The shorter day length makes all types of plant grow more rapidly. I mention this because of the alarming rate of growth on weeds right now.

You can look at a seedling of chickweed and within three weeks it will join with the ones alongside. After another week a blanket of weeds will have formed all over the ground and at the allotment at the moment, the chickweed is covering the last of the summer cabbages. I mention this because you are not the only one to be experiencing this nuisance!

It’s important to hoe the weeds off and pick them up otherwise heavy dew at night will see them root again and go to seed. One year’s seeds means seven years weeds.

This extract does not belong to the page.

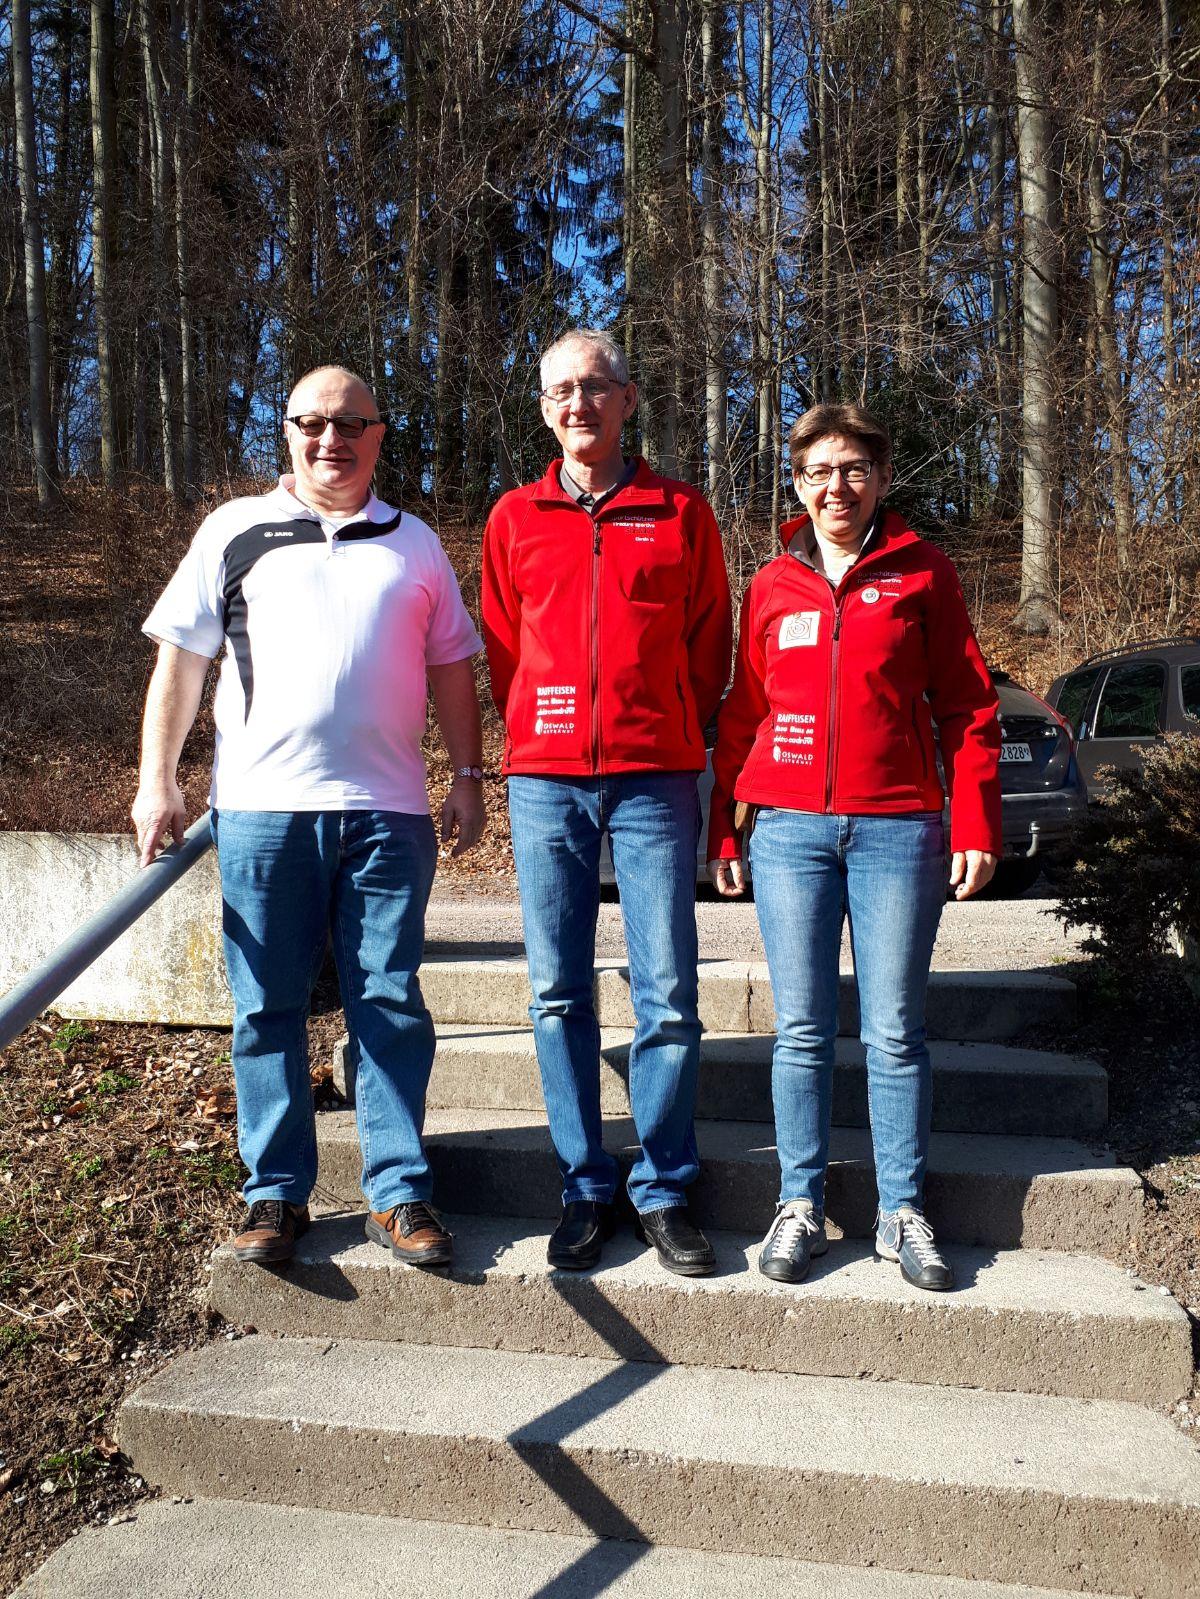 Wetswil Final - Corsin D. unser Sieger, links Heinz Hug 2. Rang und Yvonne

Due to the need for weeding, some important jobs can be forgotten on the allotment, for example the Autumn Bliss raspberries are beautiful, but the fruits quickly become very small if the plants are not given sufficient water. I have been adding a small amount of tomato fertiliser to the water and using about one gallon to each yard run of canes. The result is huge fruits after about 10 days.

At home, the signs of autumn are creeping in, with early leaf fall on the lime tree in the front garden. The herbaceous border is looking great because the Japanese anemones have shot up into flower and the Rudbeckia daisies are catching the sunshine. Aster Frikartii is coming into bloom and this brings me to what else is looking good.

Pam and I visited Garsons at Titchfield and we saw a wonderful idea. Just outside the main glasshouse structure they’ve created a border more than 50ft long and it has been planted with late summer and autumn flowering herbaceous plants. What a brilliant idea, it is an inspiration to new gardeners as well as a very good reminder for those who have been gardening for a long time. The great thing is you can see how high the plants grow and can then find them in pots on the staging nearby.

At Keydell, in Horndean, have a look at Lobelia cardinalis. Wow what a sight. The brilliant spires of red flowers look spectacular alongside the deep yellow dahlias. All in pots with masses of blooms, they last for weeks and all we have to do is remove the dead flowers regularly.

The great thing about visiting a garden centre is that it’s free, you don’t have to rush around and there is rarely a crowd.

You don’t have to buy anything but if you are like us you always come away with something which will provide beauty for many weeks ahead. Have you fallen in love with Penstemon yet?